Tuning the Local Knowledge Base
Embedding Vector Model Selection
Different embedding vector models have different characteristics:
Feature | all-MiniLM-L6-v2 | BAAI/bge-m3 |
---|---|---|
Model Size | 25MB | ~1.5GB |
Hardware Req. | Runs on CPU, >=2GB RAM | GPU recommended |
Multilingual Task | Primarily English | Supports >100 languages |
Inference Speed (CPU) | Fast, good for low-end | Slower, GPU recommended |
Text Chunk Size and Overlap Selection
A text chunk refers to a smaller segment of a document after it has been split, often necessary due to the input length limitations of Large Language Models (LLMs).
Overlap refers to the shared portion between adjacent chunks, intended to maintain contextual continuity and prevent loss of information at boundaries.
-
Impact of Text Chunk Size Chunk size directly affects the semantic representation of vectors and downstream task performance:
- Contextual Understanding: Very small chunks might not capture sufficient context.
- Computational Efficiency: Larger chunks require more computational resources; increased input length significantly raises processing time.

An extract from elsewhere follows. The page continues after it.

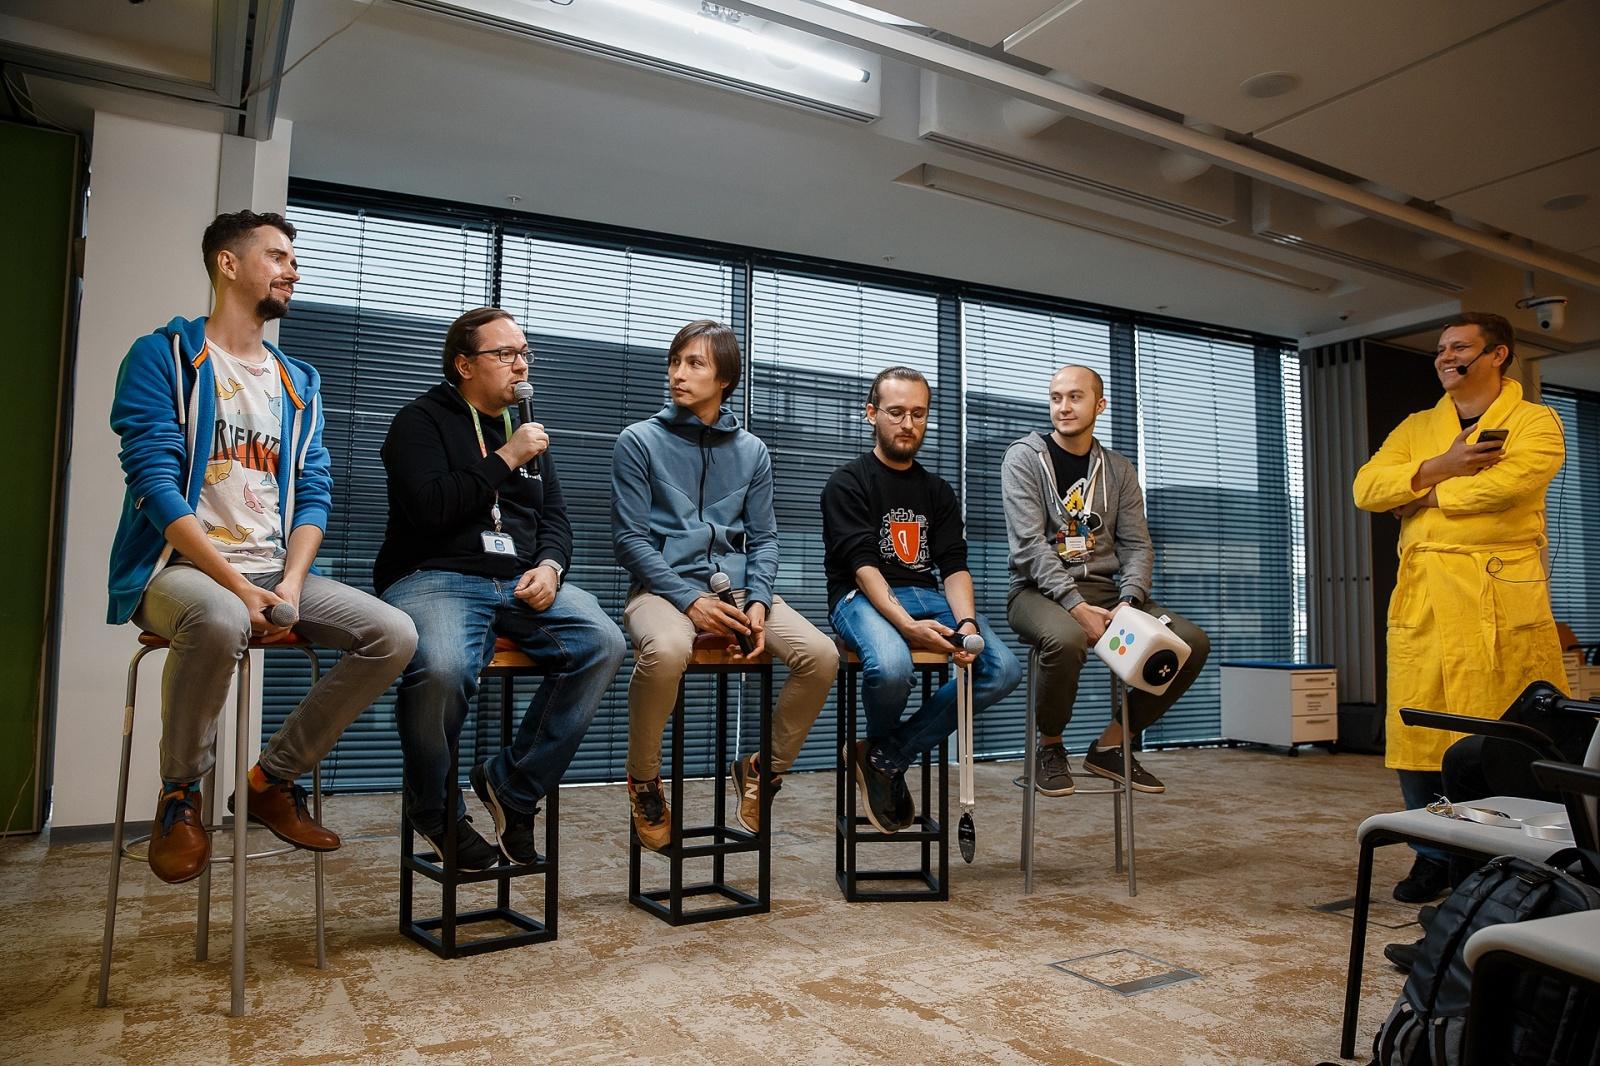 SPA Meetup 5: интеграция Jest с QA, мощный UIKit, библиотеки компонентов, DI для масштабирования, платформенные команды - 5

- Granularity and Task Matching: Smaller chunks are suitable for tasks needing fine-grained information (e.g., specific information retrieval); larger chunks are better for tasks requiring overall context (e.g., document summarization).
-
Impact of Overlap Amount Overlap ensures contextual continuity at chunk boundaries:
- Context Preservation: Overlap helps prevent information loss, e.g., a sentence spanning across chunks remains intact through overlap.
- Redundancy vs. Efficiency: Excessive overlap (e.g., >20%) increases computational cost.
- Task Relevance: The amount of overlap should be adjusted based on the task. For instance, in information retrieval, overlap ensures queries match information near chunk boundaries; in question-answering systems, overlap helps maintain context integrity.
The choice of text chunk size and overlap can be adjusted based on the task and hardware environment. Different types of text may require different strategies. For example, technical documents might benefit from smaller chunks to capture details, while narrative texts might need larger chunks to maintain story context.
Chat Prompt Optimization
Prompts for the LLM chat model are used to control the model’s behavior, helping it better understand and answer questions.
LLM Temperature Setting
The LLM temperature setting controls the model’s randomness, allowing for better control over the quality of the output.
Vector Database Settings
- Max Context Chunks: Controls the number of context chunks sent to the LLM with each request. A higher number means the LLM receives more data, potentially improving result quality but requiring more computational resources.
- Document Similarity Threshold: Controls the similarity between documents. A higher threshold means returned results are more strongly related to the source documents, but if retrieval yields few results, it might lead to inaccurate answers.